Принявший на себя всю ту ненависть 'уцелевших' за месяц, минувший с ТОГО МОМЕНТА, Волохов никак не мог отмахнуться от стоявшего перед глазами видения — тощие, с бледной, покрытой язвами, кожей, в клочьях, бывших когда то летней одеждой, с воспаленными, красными глазами, люди копошатся в развалинах и как по команде, обернувшись на урчание их моторов, начинают швырять в колонну камнями, изрыгая неслышные бойцам проклятия. А одна женщина с растрепанными волосами, подняв высоко над головой мертвое тело годовалого ребенка, бросает его на броню Волоховского БМПТ.
4.09.2026 г. Москва. Тоннель в районе станции метро 'Цветной бульвар'.

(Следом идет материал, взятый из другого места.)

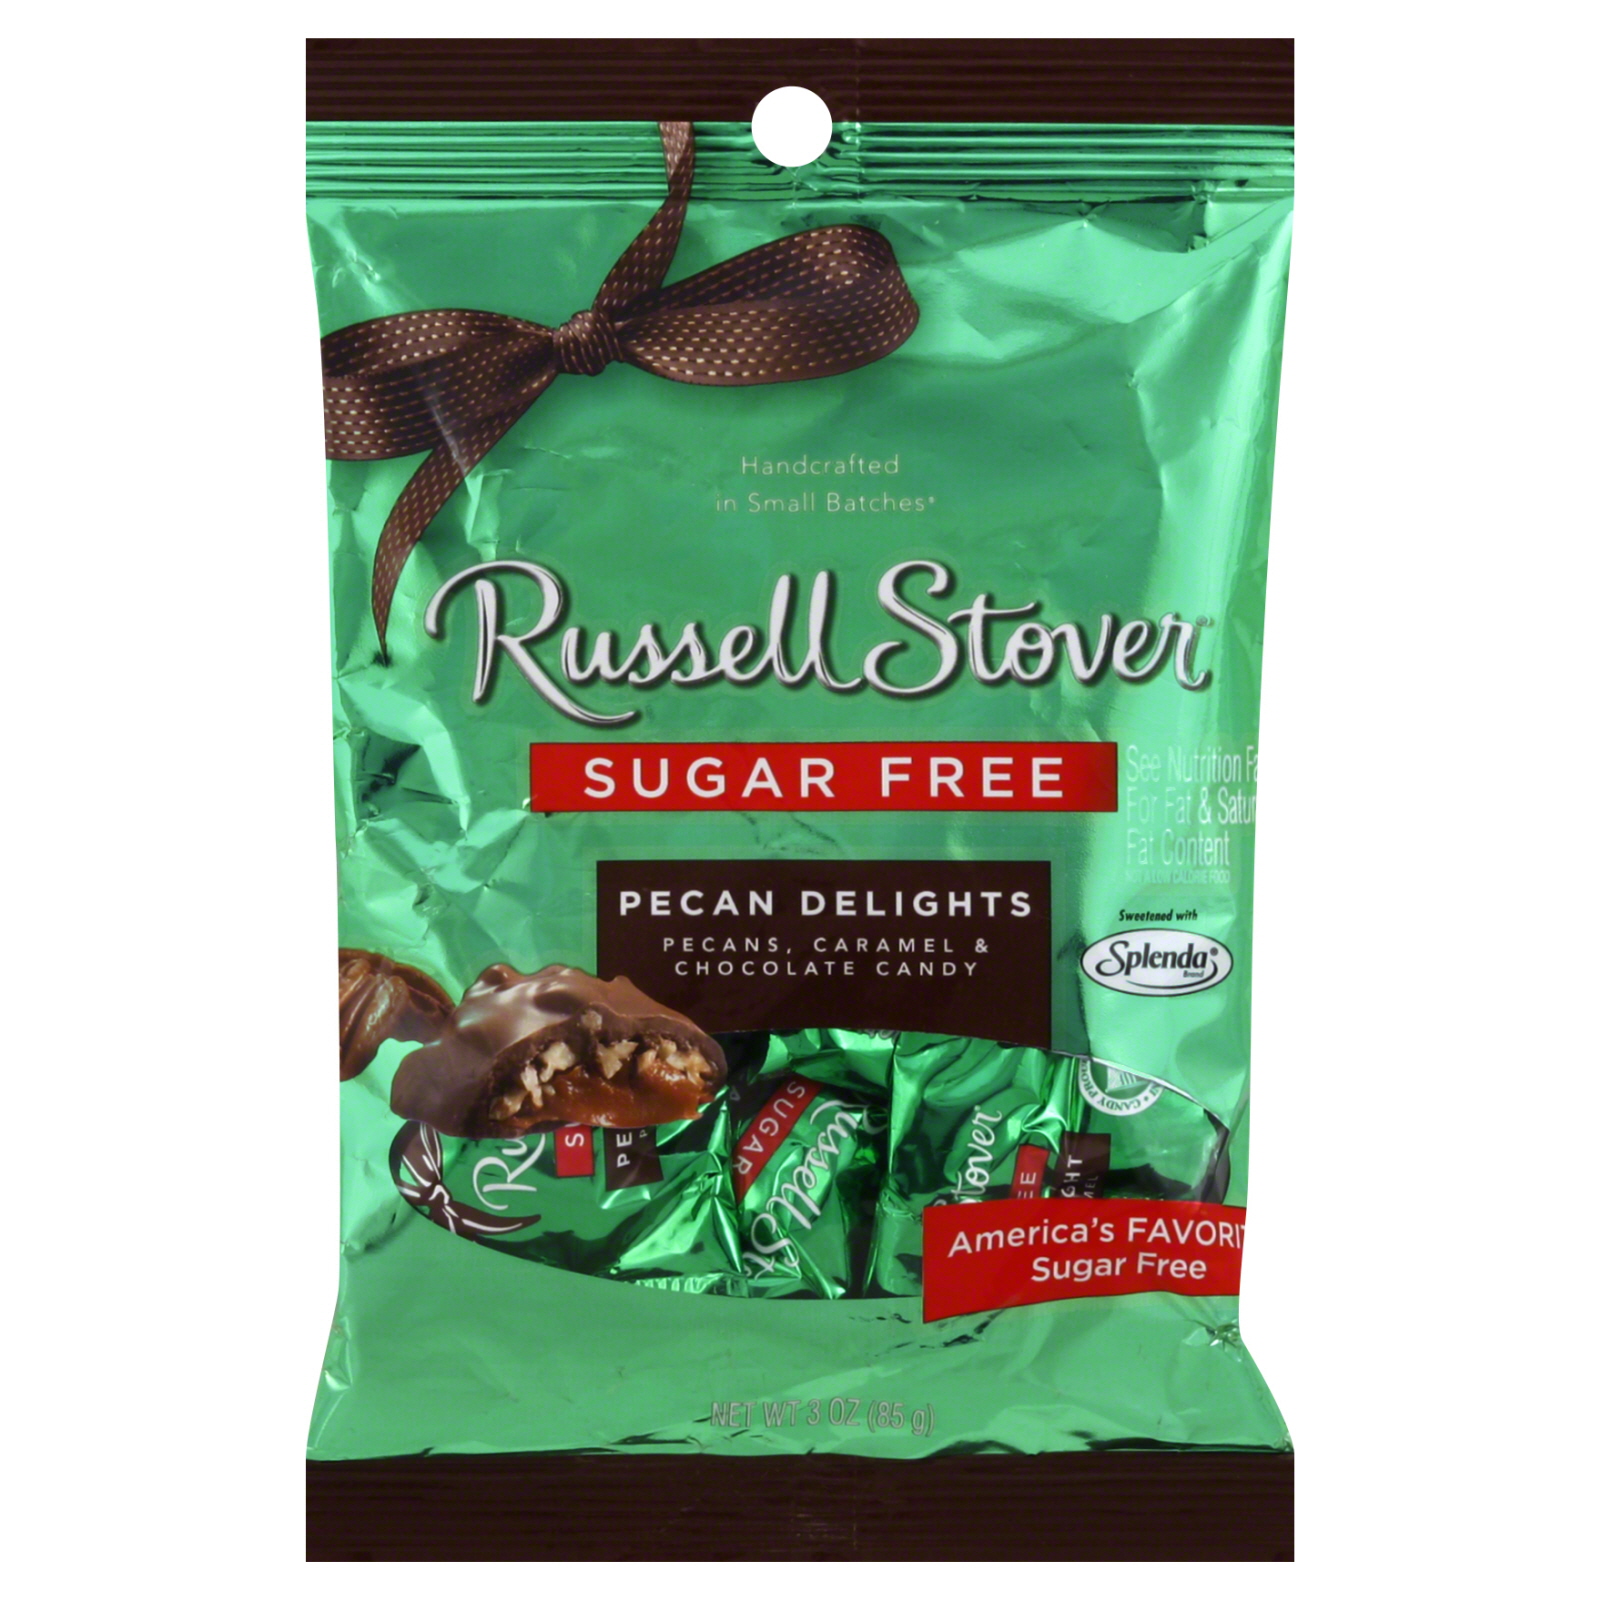 Russell Stover Sugar Free Pecan Delights, 3 oz (85 g)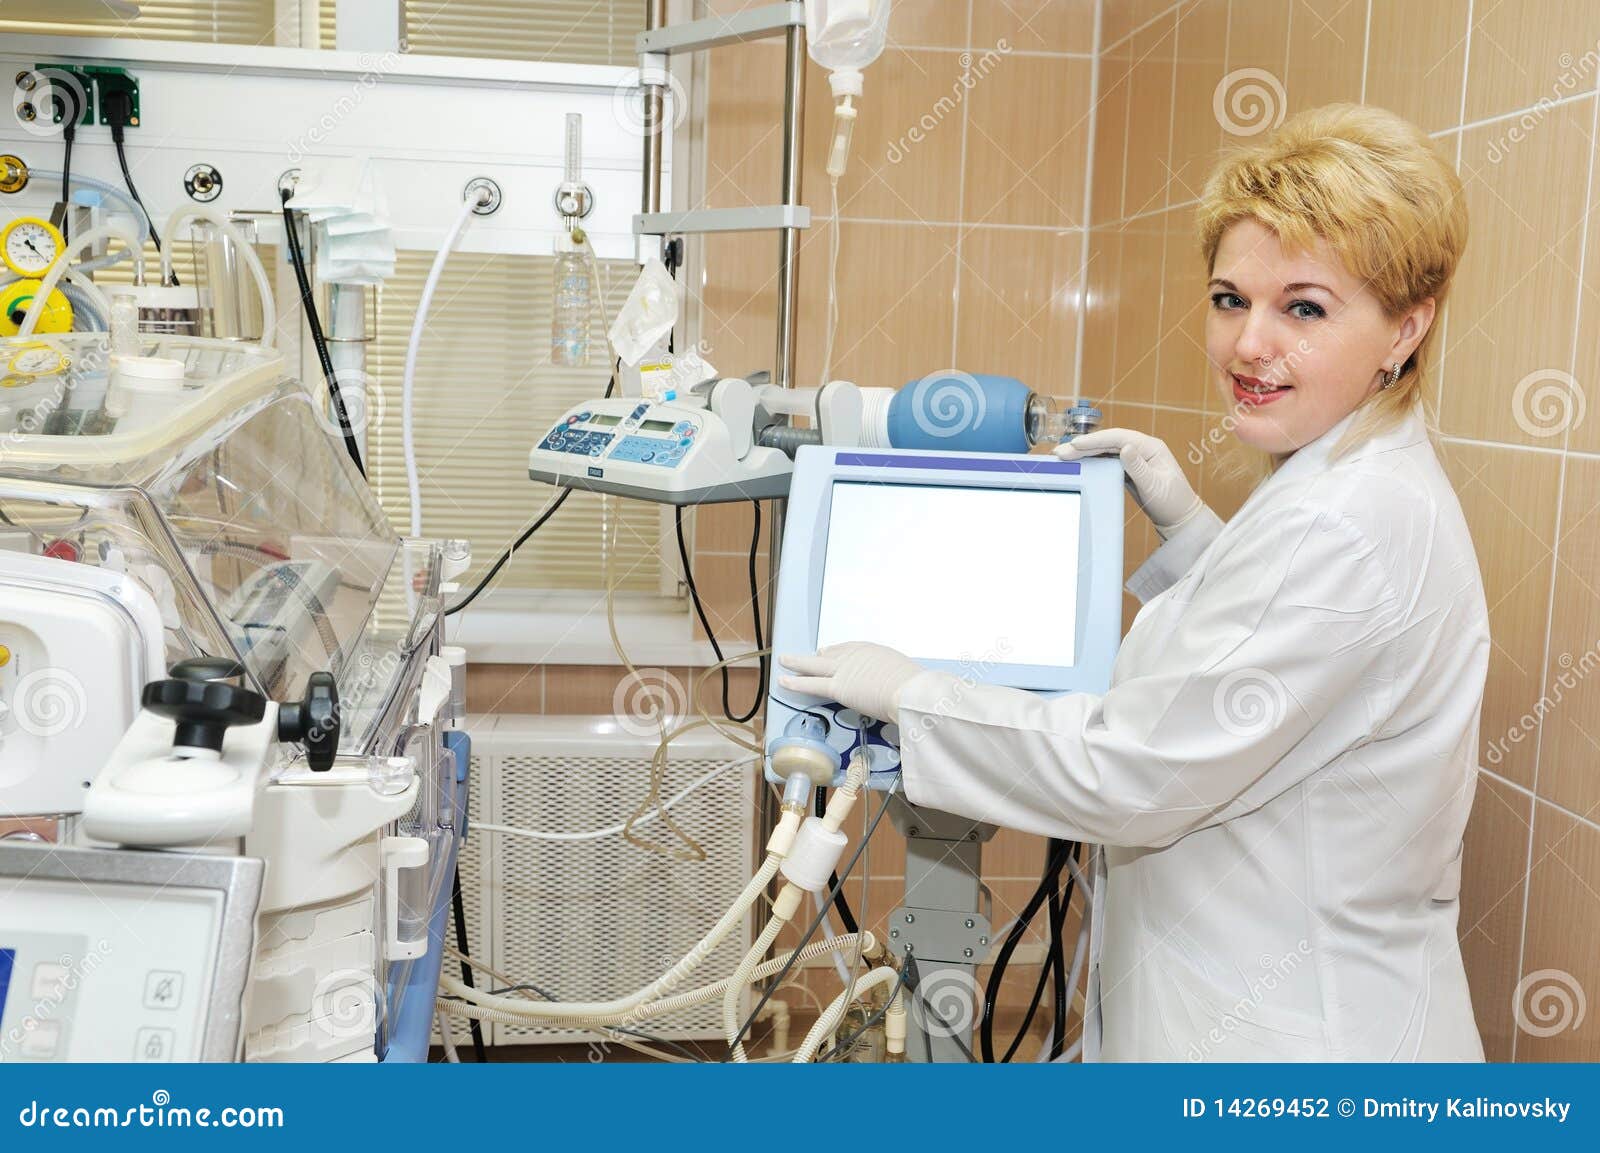 medic doctor with equipment for

Первым желанием Скворцова, после того как его глаза привыкли к полумраку, было броситься бежать дальше, куда глаза глядят. Он так и сделал. Пробежав метров триста по темному тоннелю, как потом оказалось в сторону 'Менделеевской', академик наткнулся на стоящий, темной махиной, поезд. Задыхаясь, он прислонился к прохладному металлу вагона. Ему все равно. Он устал. Устал чувствовать себя зайцем, на которого охотятся уже третий день. У него уже было столько возможностей погибнуть… Сейчас или позже — какая разница. Нахлынувшая усталость приглушила и без того уже мизерное чувство опасности. Скворцов сполз на холодный бетон.
— Что нам делать? — детский голос из вагона вывел его из оцепенения.
— Наверное надо идти на станцию, — неуверенно ответили ему.
— Страшно!
— Здесь тоже страшно, — из проема открытых автоматических дверей высунулась девчачья голова.
— Гош, пойдем.
— Осторожно — здесь высоко, — Скворцов вытянул в сторону
девочки руку, пытаясь не дать той упасть.
— Кто Вы?
— Не бойтесь, я не кусаюсь. А вы здесь как одни оказались?
— Мы с дядей Сашей в цирк ехали, а потом свет погас, поезд остановился и дядя Саша куда-то потерялся.
— Ага потерялся, — подумал Скворцов — сбежал сволочь, — и уже вслух — Ну пошли на станцию — вашего дядю искать.
Дядю они так и не нашли — видимо человек он энергичный — далеко убежал, и забота о Маше и Гоше (так звали его новых знакомых) помогла Скворцову в первые дни не сойти с ума от всего пережитого.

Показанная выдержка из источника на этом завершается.